Sorry it took me a few days to post another one of my own favorite poems. A few weeks of work travel just came to an end and it was so refreshing to sleep in my own bed last night. But back to the matter at hand. I honestly don't hold a massive grudge against Wal-Mart. It's a successful corporation providing a service to communities, in fact it provides a plethora of services. My beef with Wal-Mart is that I like small town shops. Yes, I know the conveinience of one stop shopping is ideal for many people, myself included sometimes. And yes, I know Wal-Mart employs elderly and handicapped people as greeters at their stores. But how can you walk down the ruins of any main street in any small town in our country and not long for the personal touches of family owned businesses of yesteryear. Am I waxing poetic, damn right I am. In a perfect world, the large corporations, such as Wal-Mart, would genuinely embrace the sincerity and passion of small town shop owners, not meagerly try to replicate it through emotional ploys. My views could be a desperate attempt to return to a nostalgic view of our communities and towns that has long been outmoded and outdated by, among other things, technological advances. Writing this poem was about not apologizing for being nostalgic and, of course, about poking fun at Wal-Mart, an all-American company who essentially swallowed up the industries of whole American towns to become the juggernaut it has become. How can you not laugh at the fact that you can buy your groceries, winter coat, hunting rifle, computer, and get your nails done or go to your eye doctor all in the same store? Tell me that is not comical and vaguely communistic.

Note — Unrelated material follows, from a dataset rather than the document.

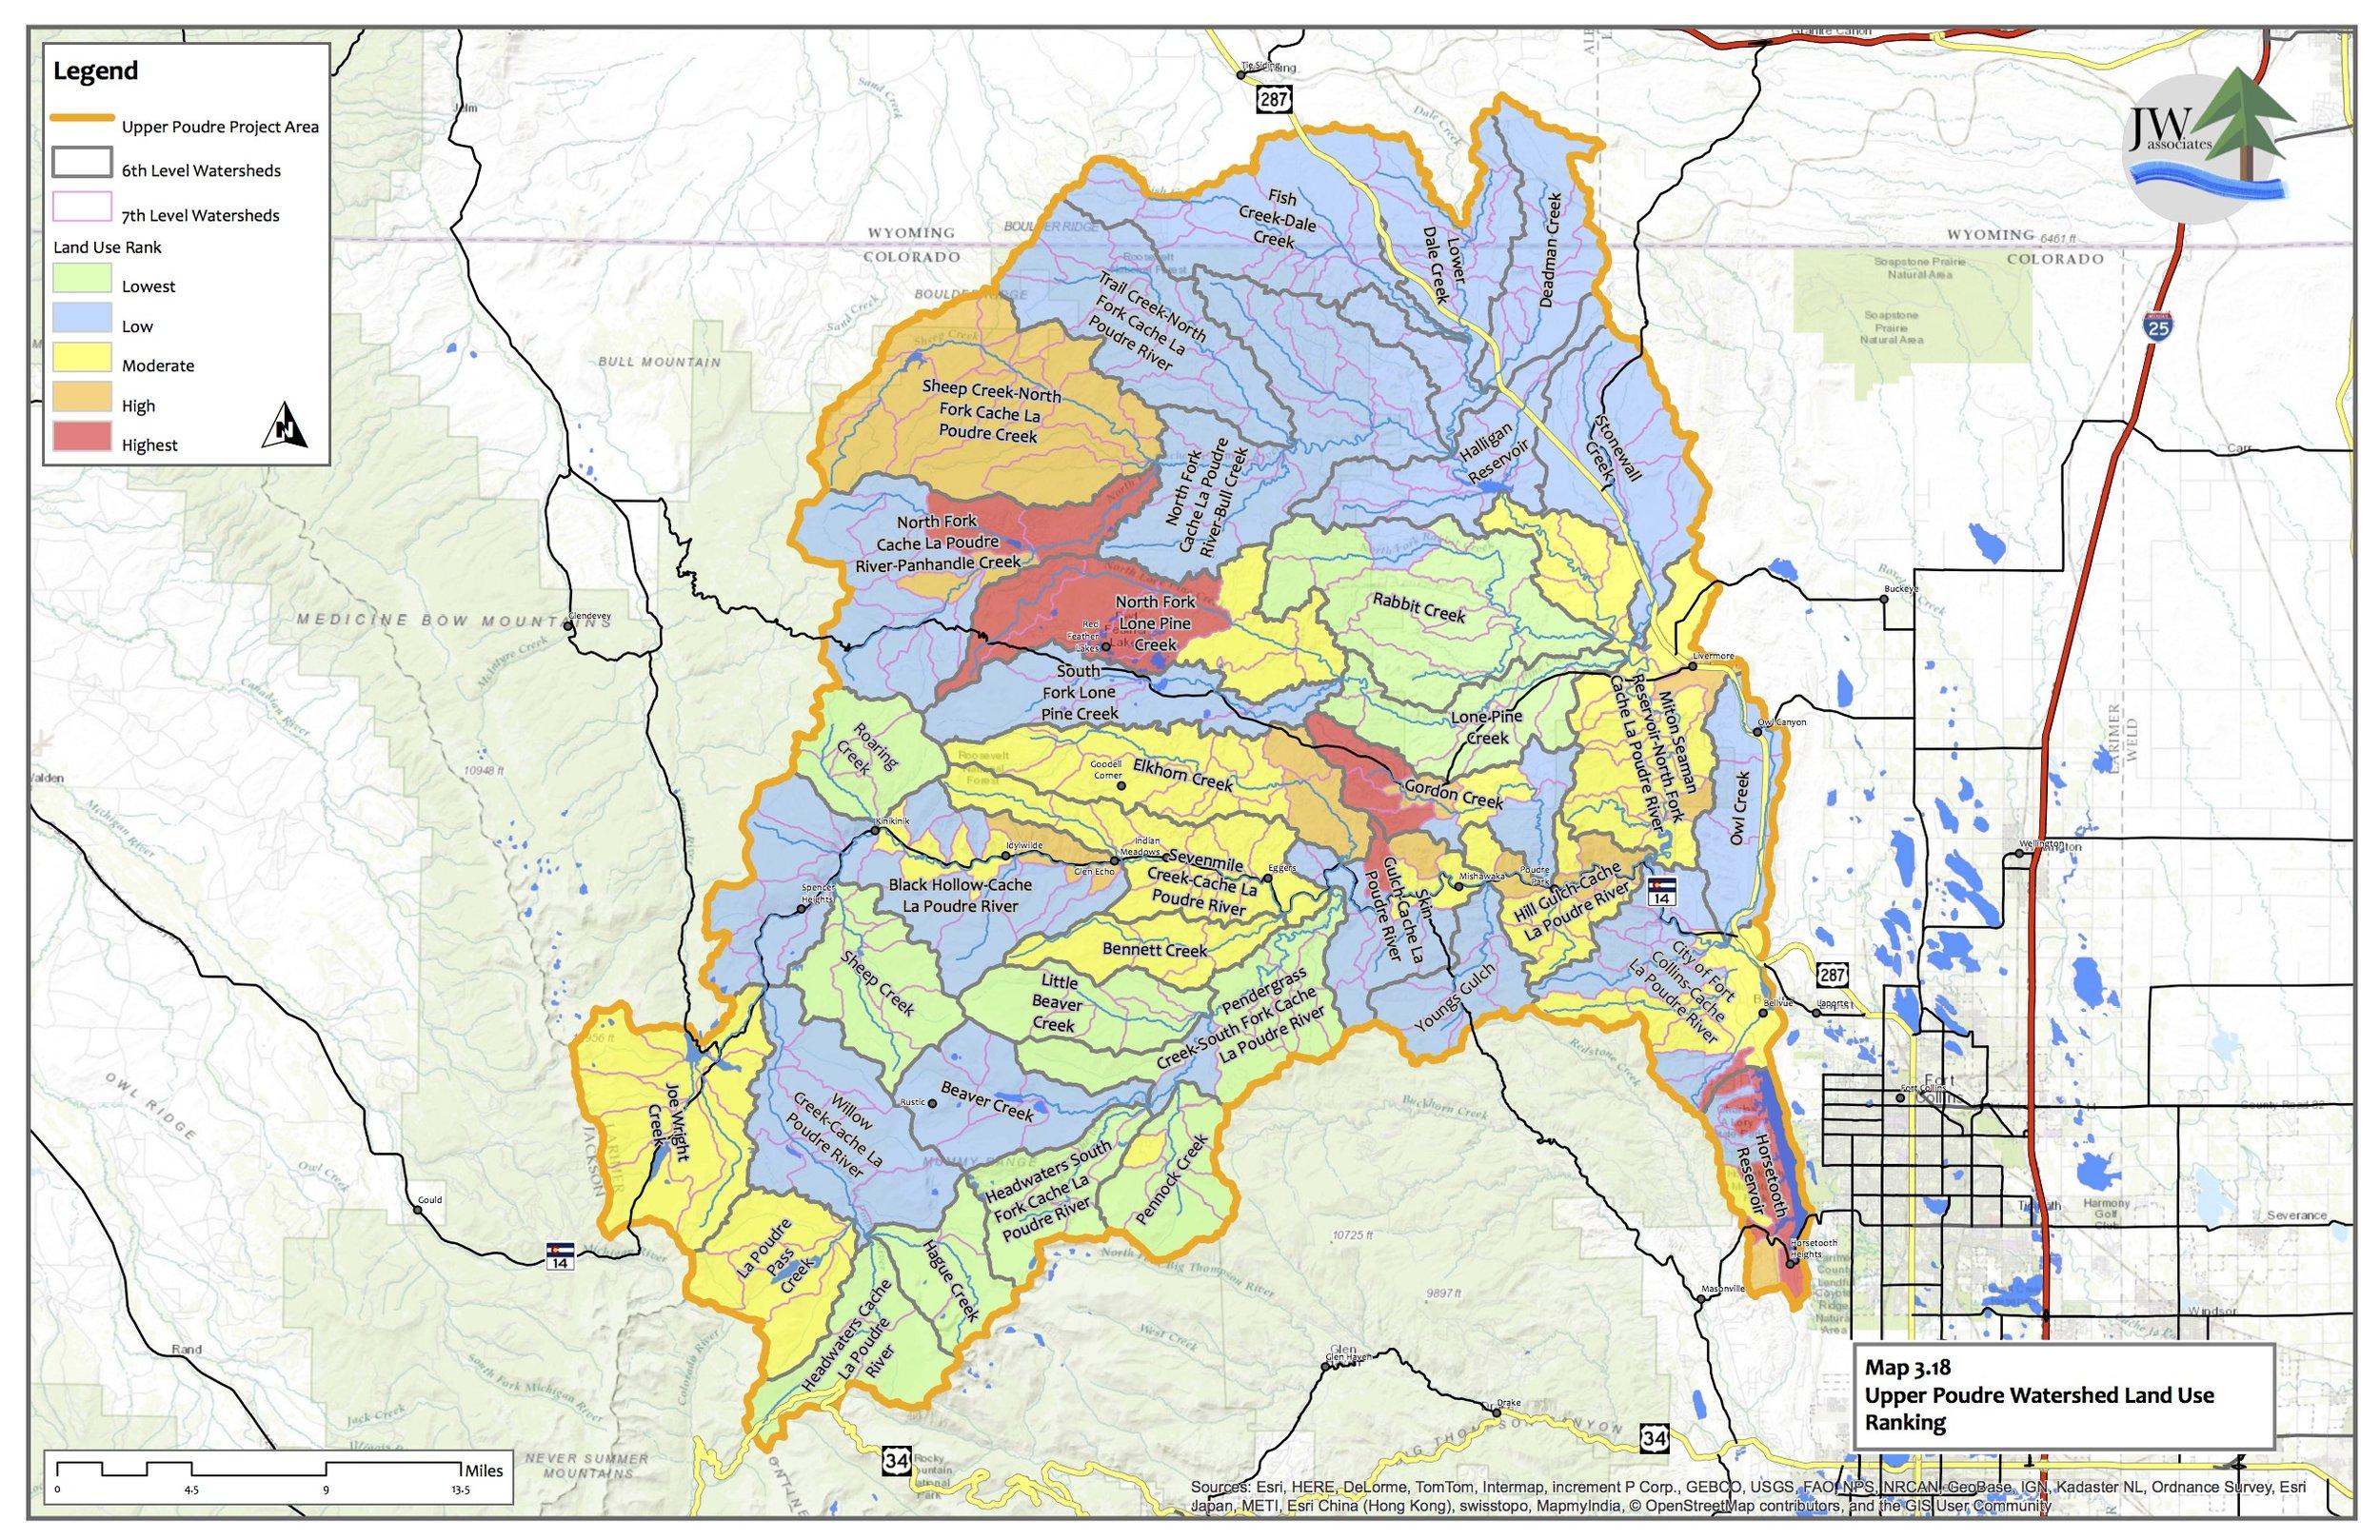 Map 3.18 UP_Landuse_Rank.jpg

And it only seemed natural that this poem about modern American consumerism would also take on a uniquely American form: the blues. Is there anything about Wal-Mart that indicates it would have soul, that it would know the depths of sorrow required to compose and sing a good blues song? Absolutely not (and if you disagree with this answer, well, then I'd love to take a walk down the gleaming aisles of Wal-Mart with you). A key aspect of this poem was setting the topic against the tone against the form. Everything in this poem had to be at odds with each other, yet it all had to operate within a specific and measured form. I love that controlled chaos. I love the emphasis on images. I love that I was able to write a poem that I read and couldn't help but chuckle.



WAL-MART BLUES


Hardly super---Wal-Mart,
sea of messy consumers,
harbor of loaded carts,

you chewed every store
in your culture-swallowing path
and now---you’re a profit whore:

obese, open all the time,
unzipped, unbuttoned,
nothing about you rhymes.

Canned Peaches, aisle six.
Hunting Rifles, aisle fifteen.
Sheets on special, aisle eleven.

Wal-Mart, I want to erase you
like a squiggle of lines
on an etch-a-sketch---but

you’ve even found a way
to mass produce irony,
profit driven, of course:

I’d have to buy

the etch-a-sketch from you
just to get rid of you.


---First appeared in Redivider Vol 4, Issue 2, Spring 2007

Tuesday, May 6, 2008

Matt's Own Favorites - Picture Of My Grandfather At War

I've become a big fan of pictures---looking at them, taking them, and, yes, even posing for them. I'm sure my mom would contend that last little bit, but I'm fairly sure I've learned the value of pictures. Viewing my parents, grandparents, and greatgrandparents (not to mention myself!) at different stages in life is magical. Seeing them at times and ages that I'm passing through or have recently passed through allows me to draw valuable corollaries. Not being alive for many of these pictures, my perspective of these people I love pre-me is a strange and unquantifiable thing. A few years back my mom was going through some boxes of photos from her dad's days in the Marines and the Korean War. I joined in the sorting of these pictures and found one of my grandfather in Korea rising from the hatch of one of the tanks he worked on. On his boyish face was a bad attempt at a goatee. He looked so young and then I realized that he was younger than me. I was in my early/mid twenties, but he was younger than me in that picture. He was at war and he was younger than I was. This realization sent shock waves through my body. I thought my stresses were difficult, but I was wrong. The picture stuck with me and, like a seed, planted itself in my mind. Over the next day or so I loosely fictionalized my grandfather's life, taking elements from both of my grandfathers' military experiences to create the character in this poem. I also took elements of their great loves with my grandmothers and elements of their shared hometown of Chicago to texture the poem with a setting and story. It was challenging to write a family history that loosely stuck to the facts, choosing frequently to steer off course for the sake of the poem's story. In the end, I'm proud of this poem for a few key reasons: I gave it to my grandfather and he read it; I created a story within the tight constructs of family and history; I revised this poem until every word was necessary, causing the whole poem to reflect a craftsmanship and concision I wish for all my poems.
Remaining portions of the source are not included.